Which of the following are inverse functions?
1. Arcsin x and sin x
2. cos^-1 x and cos x
3. csc x and sin x
4. e^x and ln x
5. x^2 and +/- sqrt x
6. x^3 and cubic root of x
7. cot x and tan x
8. sin x and cos x
9. log x/3 and 3^x
I believe the answers are 2, 4, 6, and 9, but how come not the rest, especially csc/sin and cot/tan?
Thank you very much!
To determine which of the given functions are inverse functions, we need to understand what inverse functions are. Inverse functions are pairs of functions that "undo" each other. When composed together, they result in the identity function. In other words, given a function f(x) and its inverse function g(x), if we evaluate f(g(x)) or g(f(x)), it will always yield x.

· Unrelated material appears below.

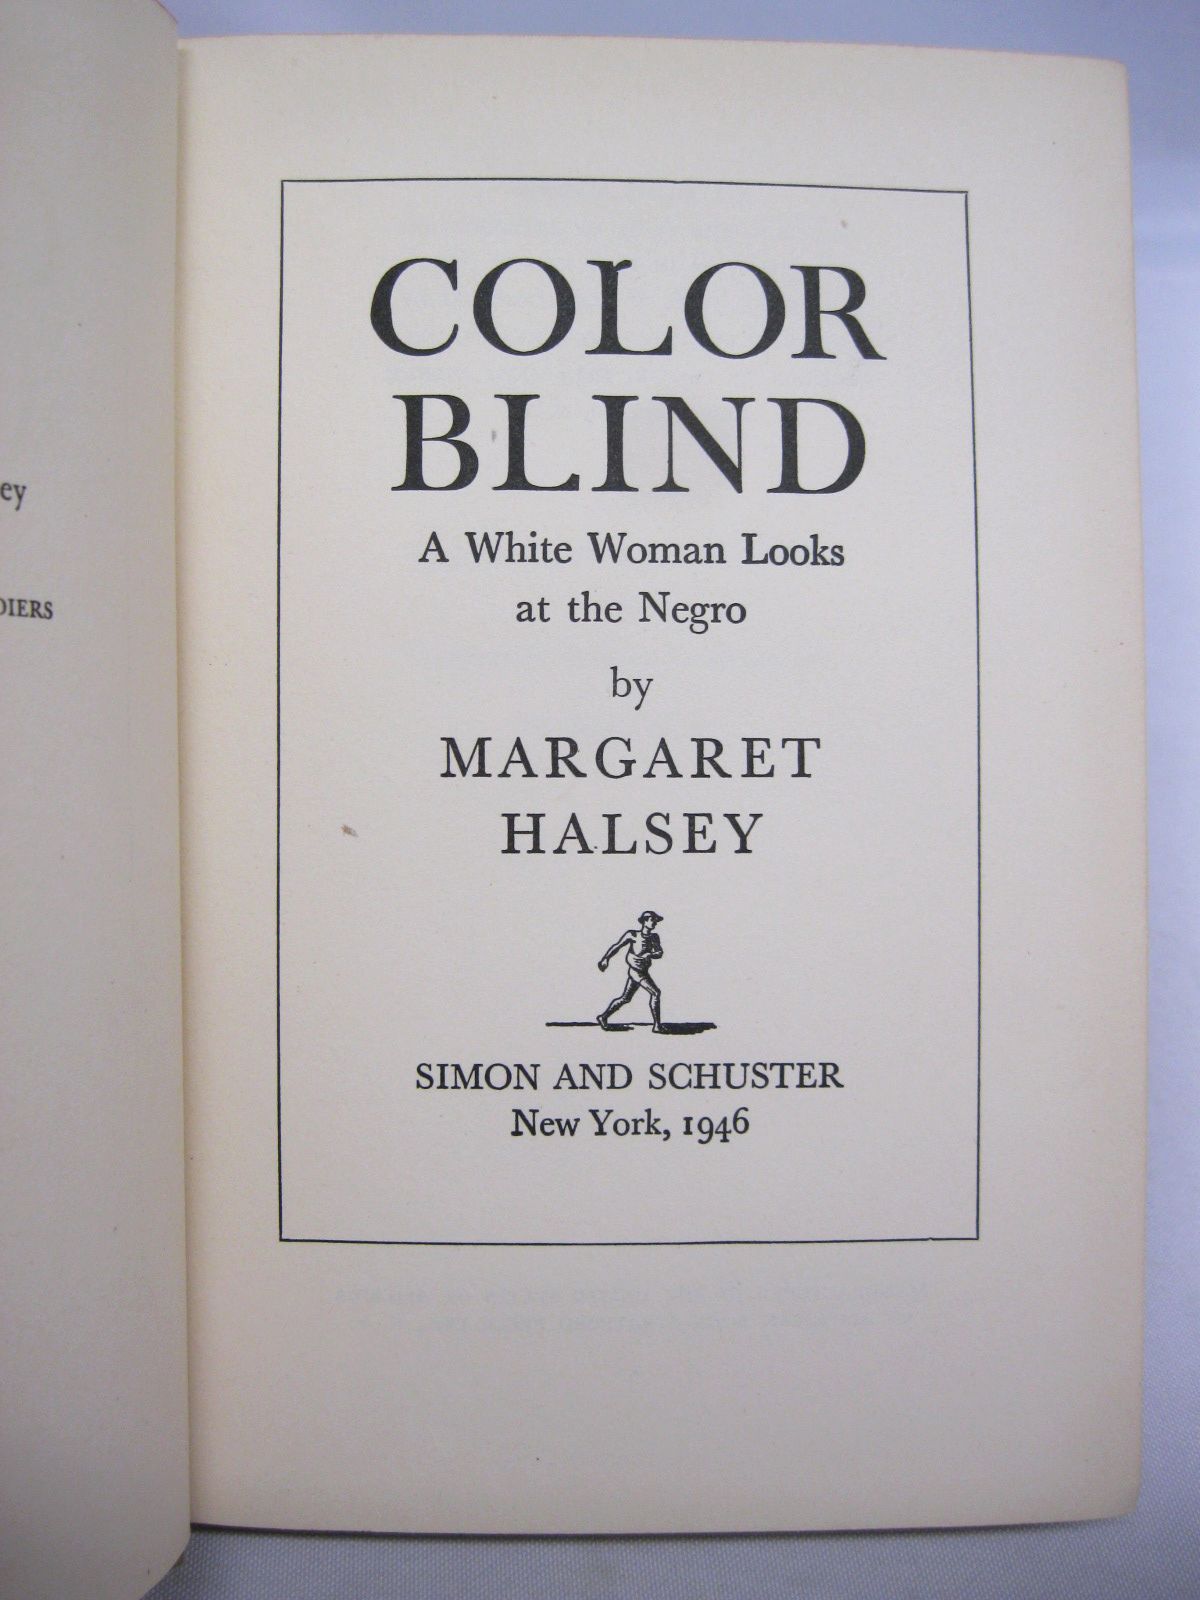 Color Blind: A White Woman Looks at the Negro by Margaret Halsey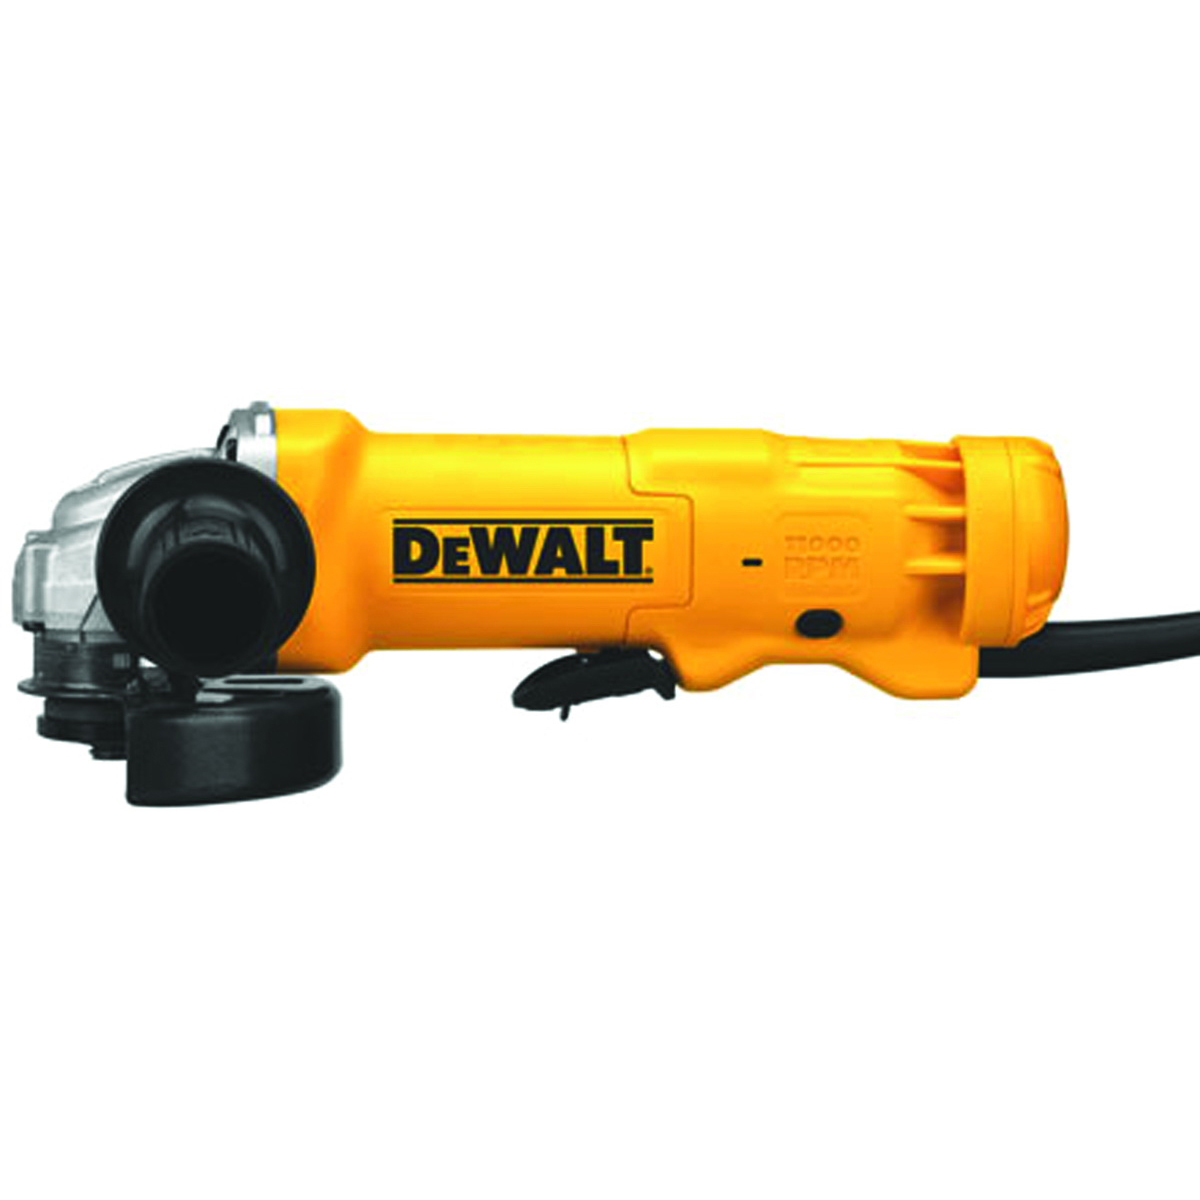 DeWALT DWE402 Small Angle Grinder, 11 A, 5/8-11 Spindle, 4-1/2 in Dia Wheel, 11,000 rpm Speed - 10

Now, let's analyze each pair of functions:
1. Arcsin x and sin x: These functions are not inverses of each other because arcsin (sin x) is only defined for values of x in the range of [-π/2, π/2]. Thus, applying arcsin to the result of sin x will not always yield x.
2. cos^-1 x and cos x: These functions are indeed inverse functions. Applying cos^-1(cos x) or cos(cos^-1 x) will always give us x. The inverse cos^-1(x) is commonly denoted as acos(x).
3. csc x and sin x: These functions are not inverses of each other. The inverse of sin x is arcsin x, not csc x. Cosecant (csc x) is the reciprocal of sin x, so applying csc(sin x) or sin(csc x) will not always yield x.
4. e^x and ln x: These are indeed inverse functions. Applying e^(ln x) or ln(e^x) will always result in x.
5. x^2 and +/- sqrt(x): These functions are not inverses of each other. The inverse of x^2 is the principal square root of x, denoted as sqrt(x), not +/- sqrt x. Applying sqrt(x^2) or (x^2)^(1/2) will only yield the positive square root of x, not the negative one.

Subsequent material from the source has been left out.